A recent article by Bloomberg Law’s Grace Maral Burnett provides some thoughts on the evolution of acquisition agreements since the onset of the pandemic, and speculates on what issues might be addressed in those agreements next year. Here’s an excerpt:
As the pandemic continues to evolve, contract provisions will continue to do the same. One of the newer issues, which has only recently begun to show up in publicly available agreements, is Covid-19 vaccines. With government and corporate vaccine mandates increasing in prevalence, and the administration of Covid-19 booster shots just getting under way, agreements will increasingly need to address the vaccines—potentially in a wide range of provisions from representations and warranties to post-closing covenants. (By way of example, the definition of “fully vaccinated” could at some future time include the notion of booster shots or new health measures that protect workers against future variants, potentially impacting a variety of representations, covenants, and other provisions.)

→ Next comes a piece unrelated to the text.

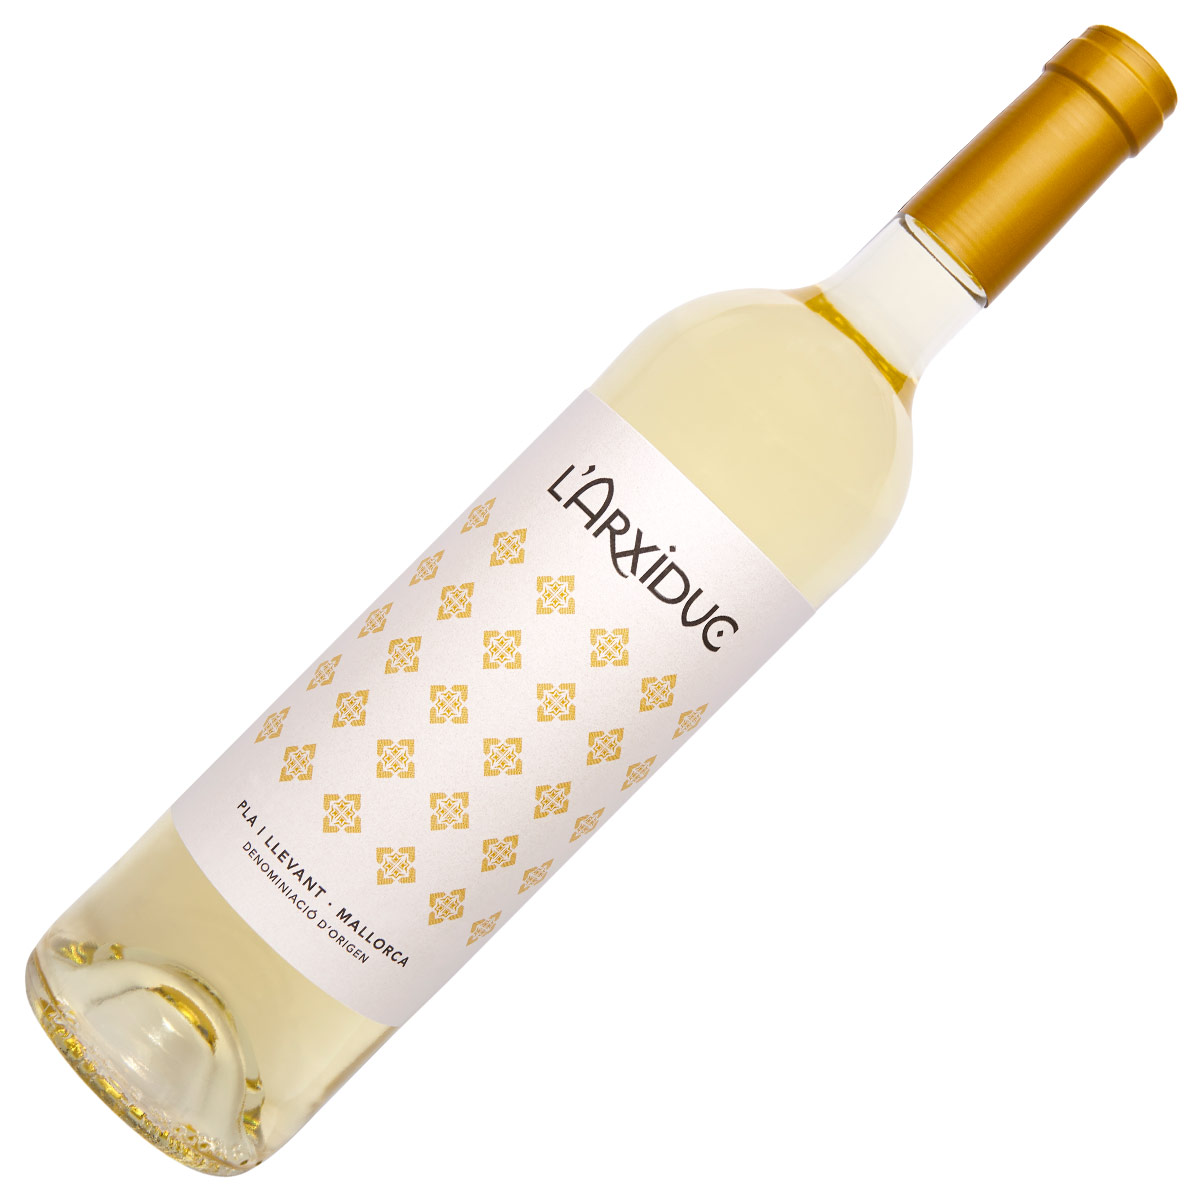 Pere Seda L´Arxiduc vin blanc D.O. Pla i Llevant

With some pandemic issues, what we have seen is less evolution and more vacillation: the easing, then tightening, then easing again of health measures like masking and social distancing due to a variety of reasons, including the availability of new data and the emergence of new virus variants. Also, businesses are navigating a patchwork of conflicting guidance and best practices. This continuing state of change will undoubtedly impact how provisions, such as those regarding the ordinary course of business vis-à-vis Covid-19 and Covid-related exceptions to access-to-information covenants, are drafted. It could also impact how reasonableness is interpreted, as well as which, if any, reasonableness requirements parties elect to include in their references to Covid-19 responses.
The article discusses a number of different issues about the direction deal agreements may take. For example, it raises the question of when in the “new normal” parties won’t feel the need to address the pandemic in “ordinary course” covenants, and the potential impact of a – God forbid – worsening of the pandemic on MAE clauses, where pandemic exclusions have become customary.

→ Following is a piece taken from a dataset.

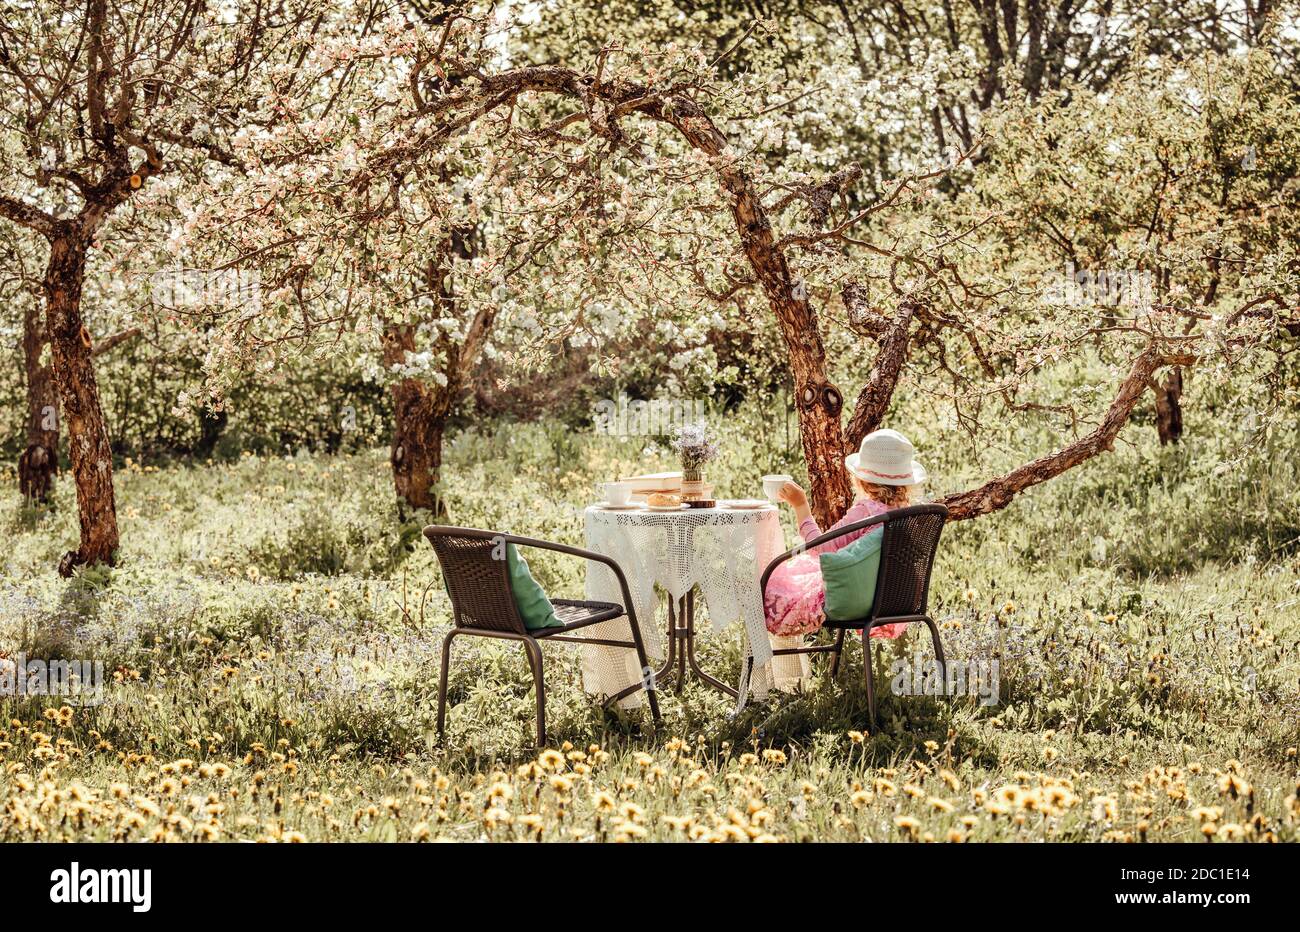 fille de 6 ans en robe d'été rose s'asseoir sur la chaise de jardin près de la table de jardin, sous les pommiers en fleurs le jour ensoleillé du printemps. Photo moderne orange chaleureux. Banque D'Images
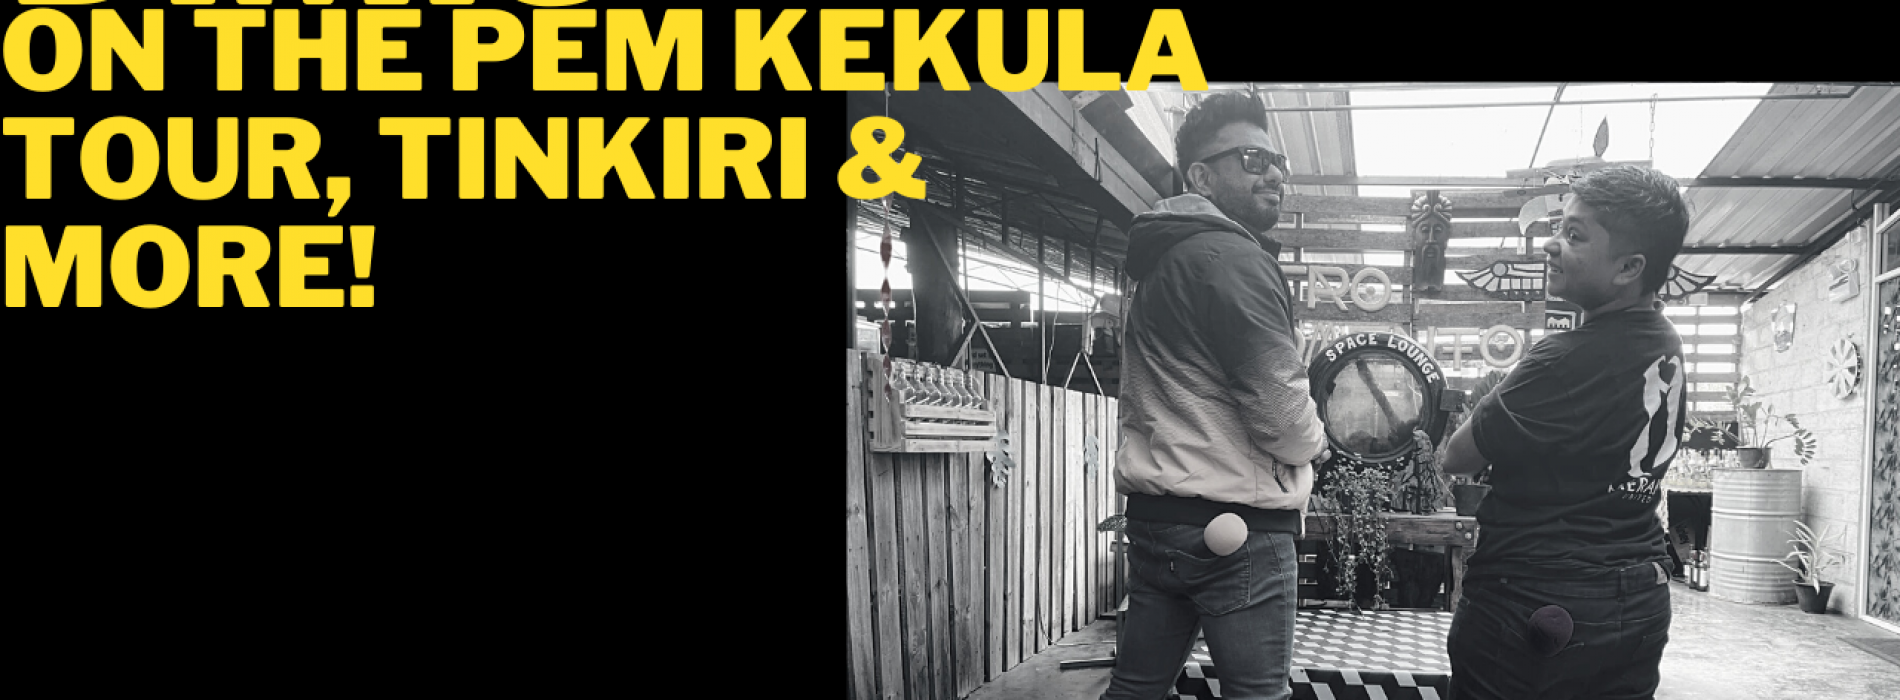 Dimi3 On The Pem Kekula Tour, Tinkiri And More

This Wilson Sonsini memo provides an overview of the UK’s new National Security and Investment Act, which becomes effective in January 2022. Here’s the intro:
The United Kingdom’s National Security and Investment Act (NSI Act) is scheduled to come fully into force on January 4, 2022. The NSI Act will create a new framework for the UK government to review so-called “trigger events,” which include acquisitions and investments in which one party acquires “control” of a qualifying entity or a qualifying asset on national security grounds. Acquirers in certain trigger events will be obligated to notify and obtain clearance from the UK government prior to completing such trigger events. In addition, the UK government will have new powers to review and, in some instances, impose mitigation measures upon—or even block—trigger events to address national security risk.

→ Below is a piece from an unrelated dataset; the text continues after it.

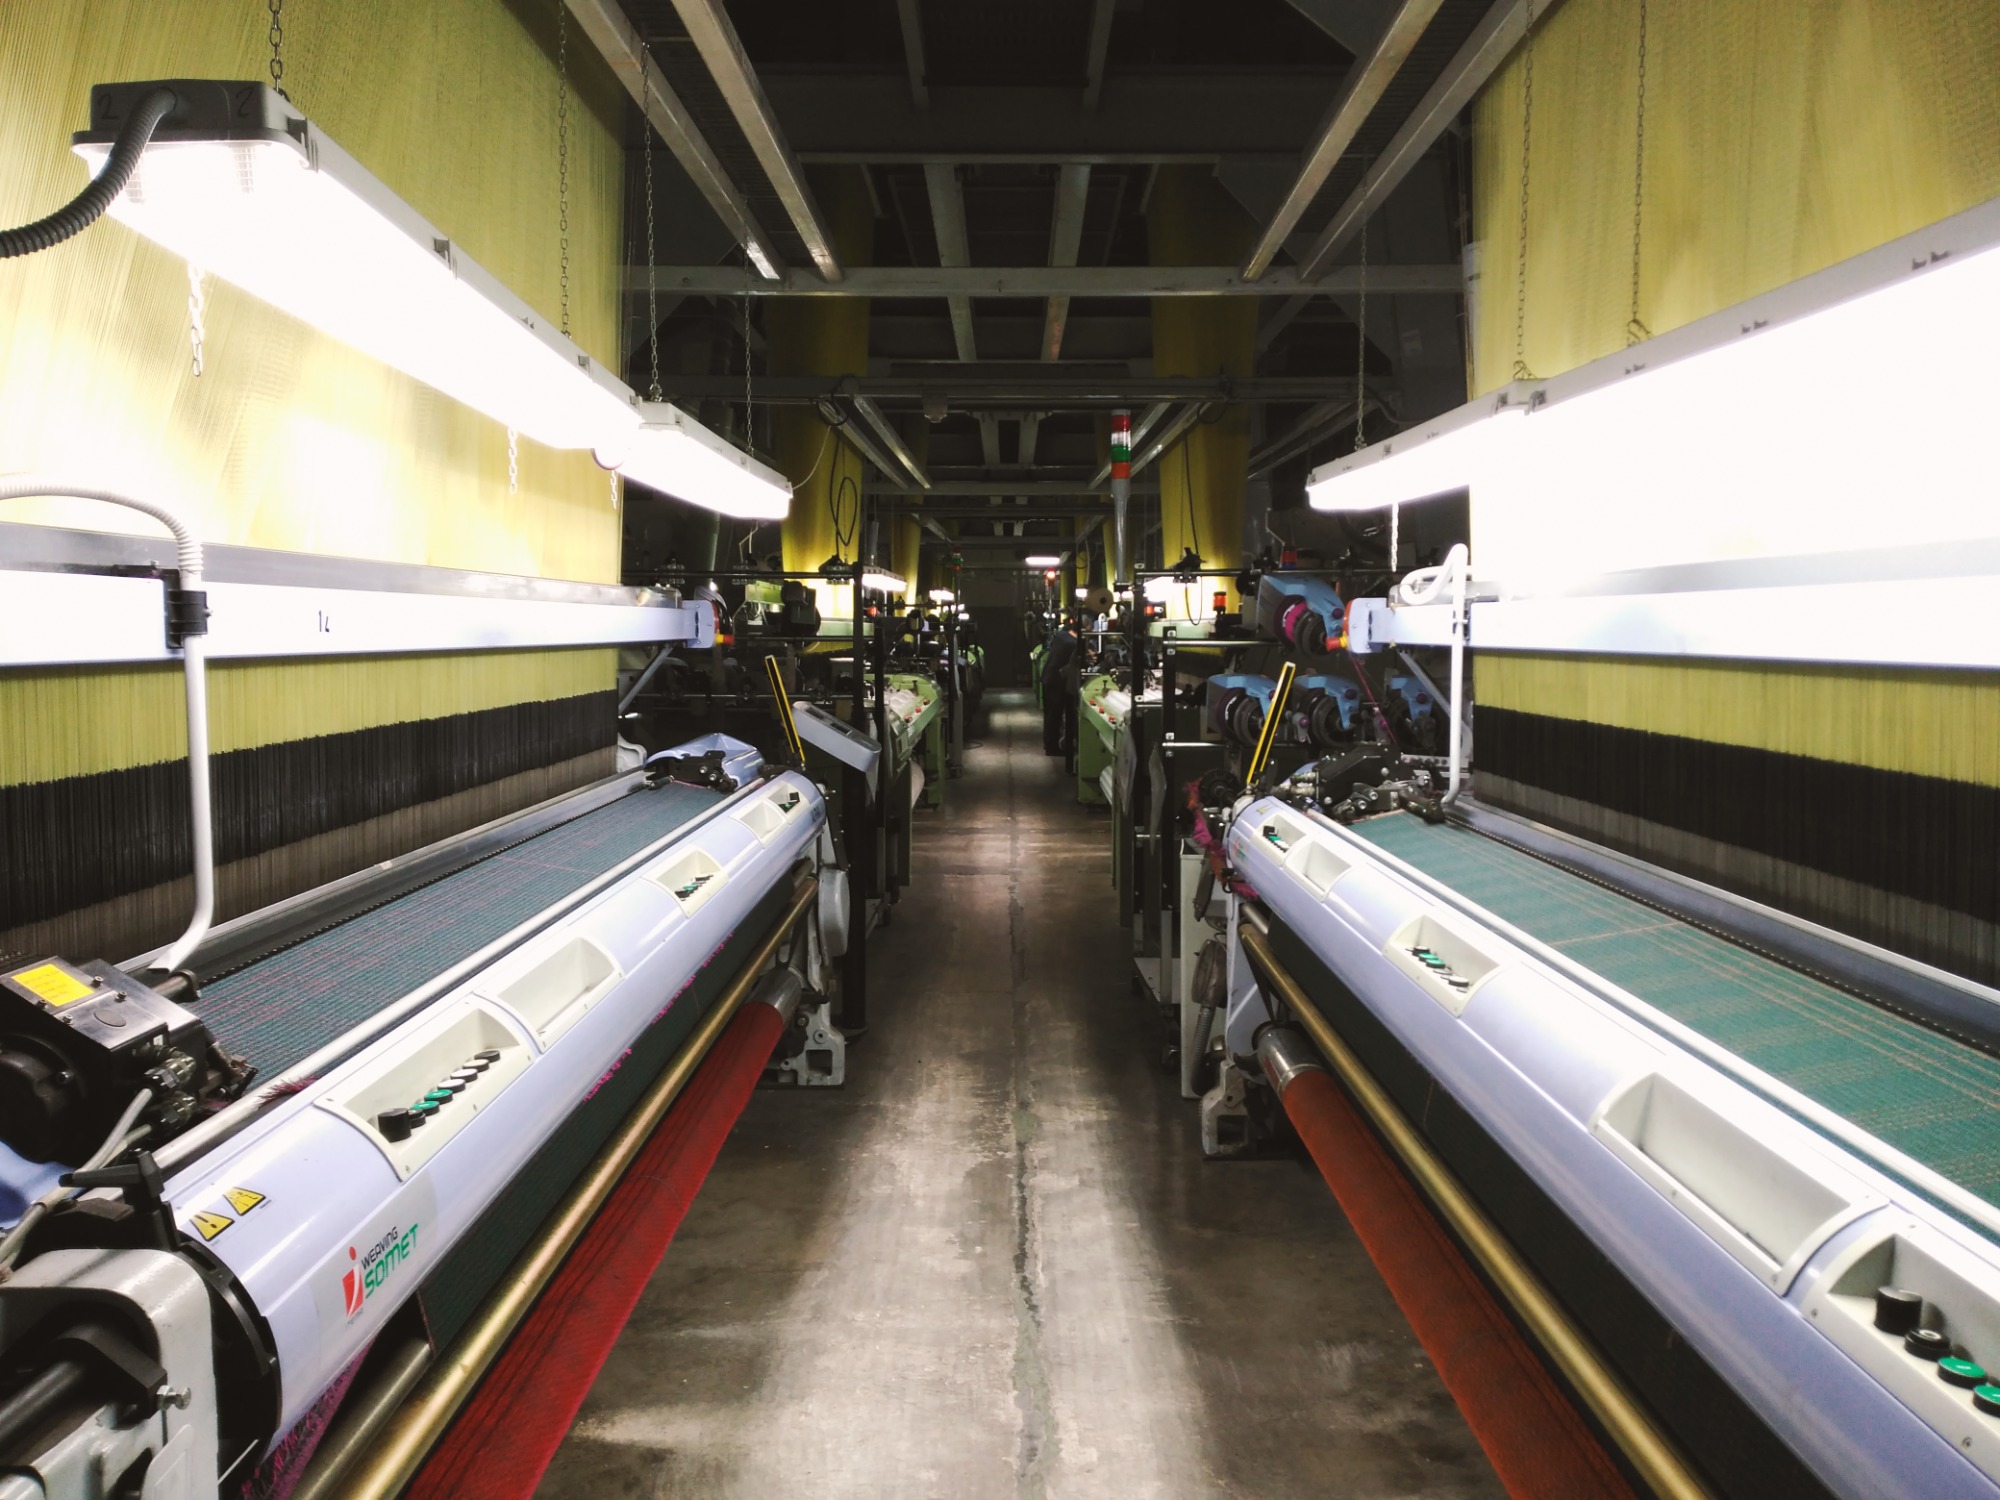 TEJEDURÍA + SERVICIO. El 100% de nuestra producción está fabricada en Agullent, España
29 telares jacquard - 1.500.000 ml/año - 350p/m

The NSI Act represents a sea change in the UK government’s approach to scrutinizing transactions on national security grounds. Once fully implemented, the NSI Act will create new challenges for parties acquiring or investing in UK companies and assets, as well as non-UK companies and assets that have a UK nexus.
The memo provides an overview of the new law, and addresses supplemental legislation that identifies 17 high-risk sectors that present an elevated risk to the UK’s national security.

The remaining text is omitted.